ABOUT THIS TASK: Write out the data exactly as given, dropping every picture.

DATA BELOW:

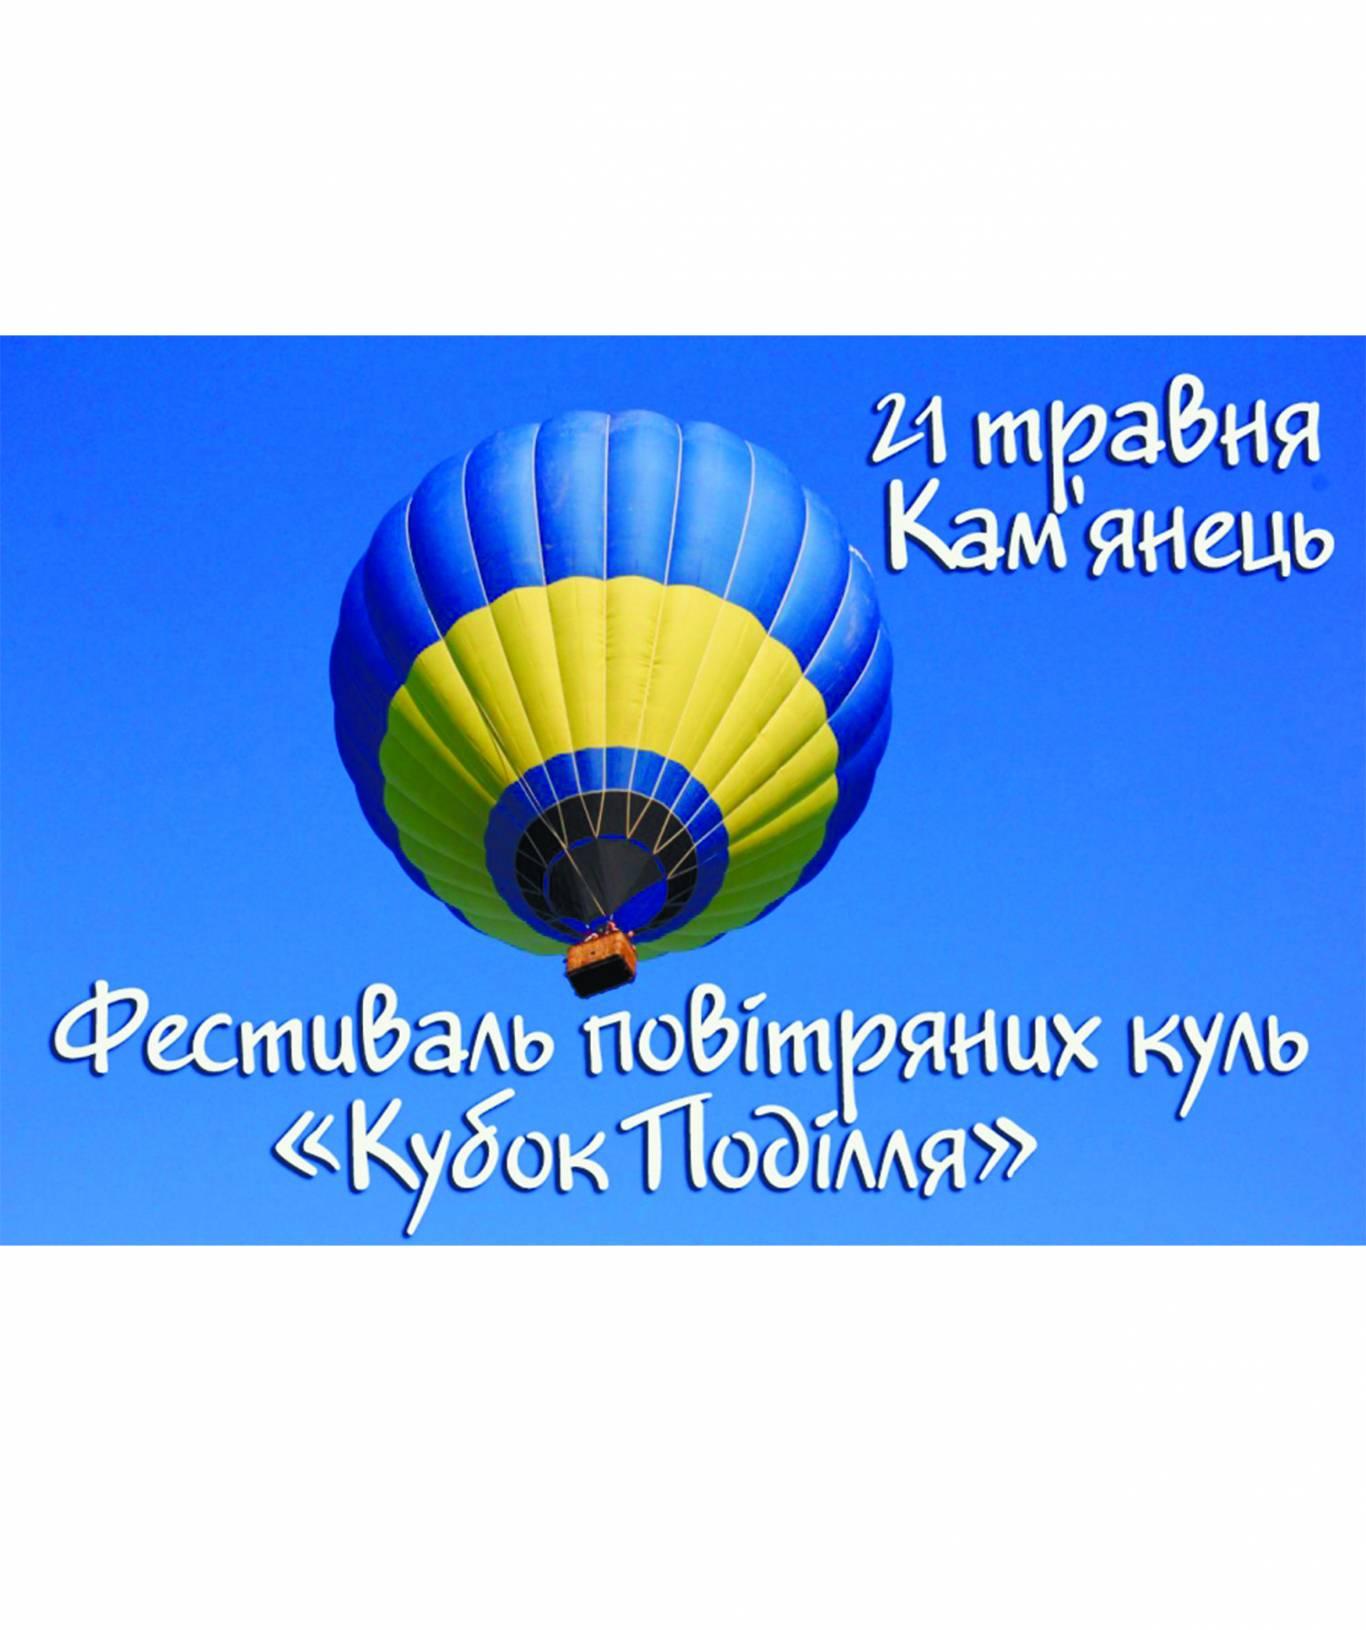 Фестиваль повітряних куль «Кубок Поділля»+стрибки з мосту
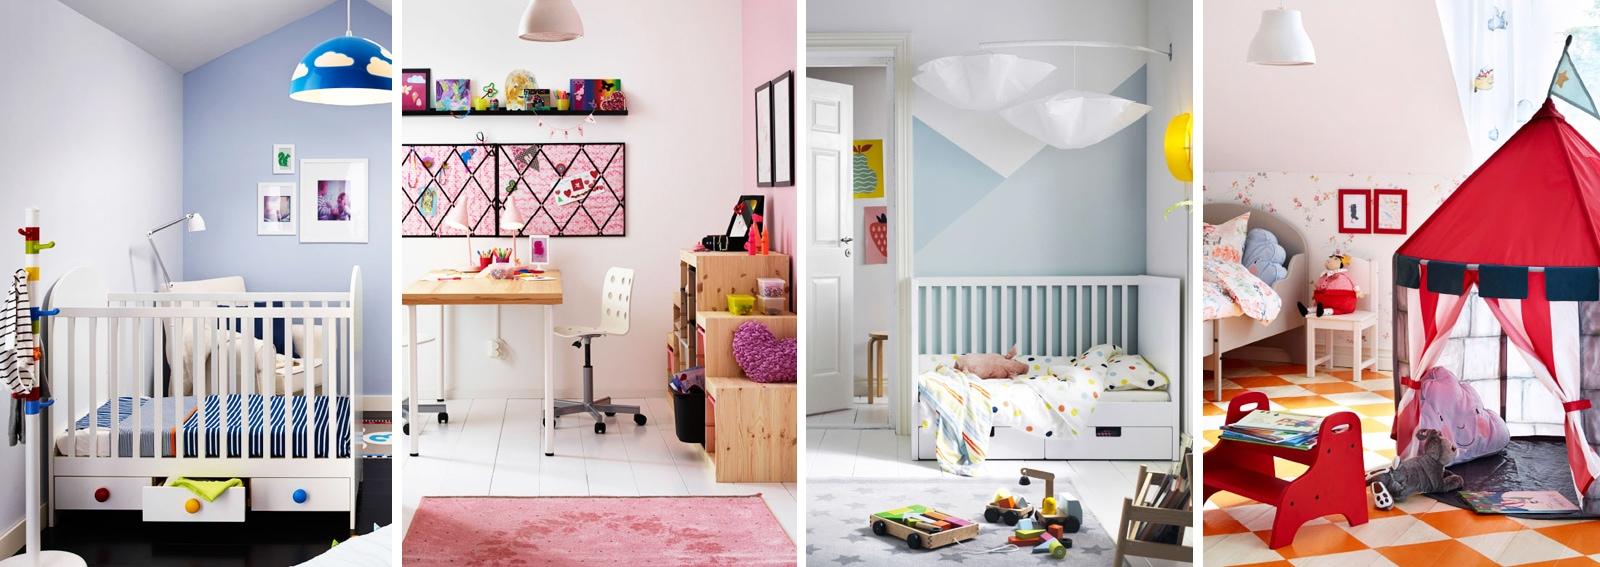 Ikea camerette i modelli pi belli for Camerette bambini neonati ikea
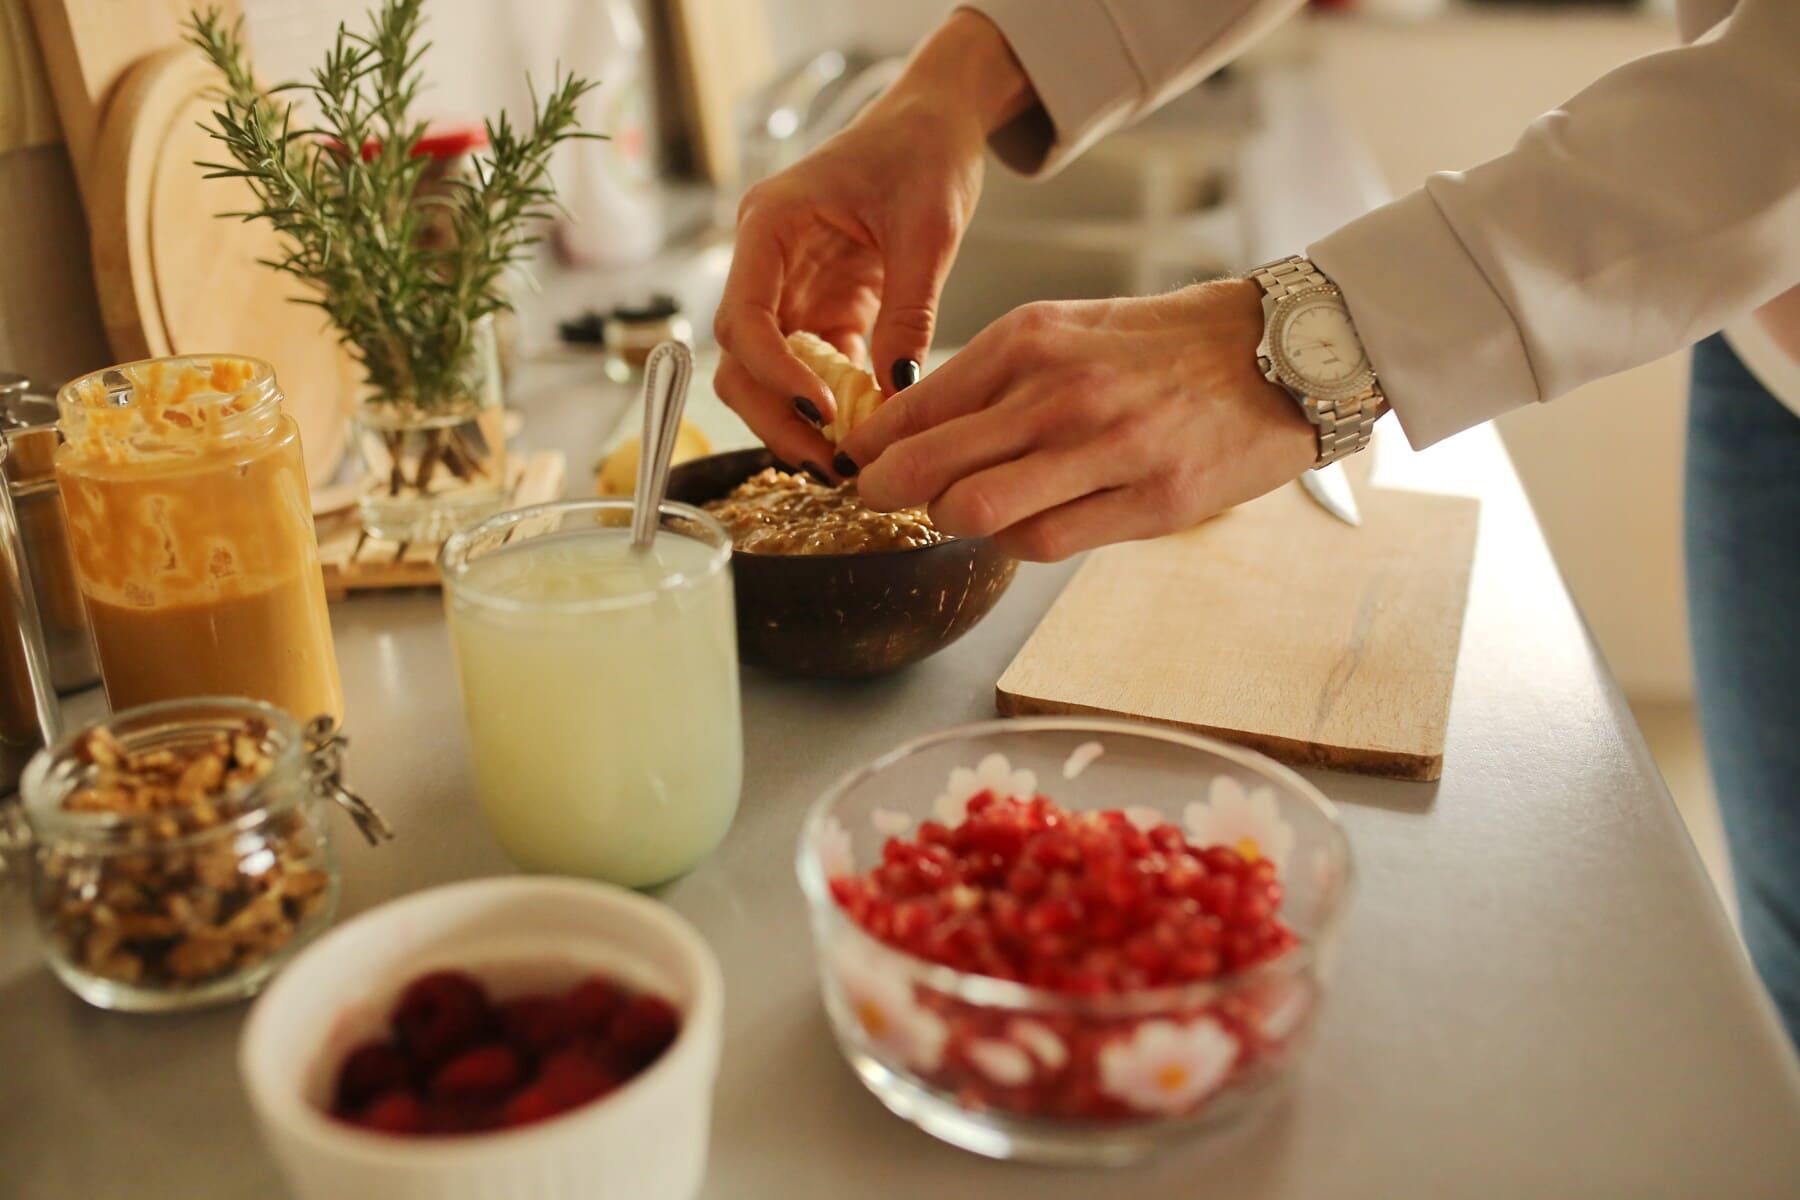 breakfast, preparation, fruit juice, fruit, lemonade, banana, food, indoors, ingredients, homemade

EXERCISE RESULT:
 Фестиваль повітряних куль «Кубок Поділля»+стрибки з мосту
 Ikea camerette i modelli pi belli for Camerette bambini neonati ikea
 breakfast, preparation, fruit juice, fruit, lemonade, banana, food, indoors, ingredients, homemade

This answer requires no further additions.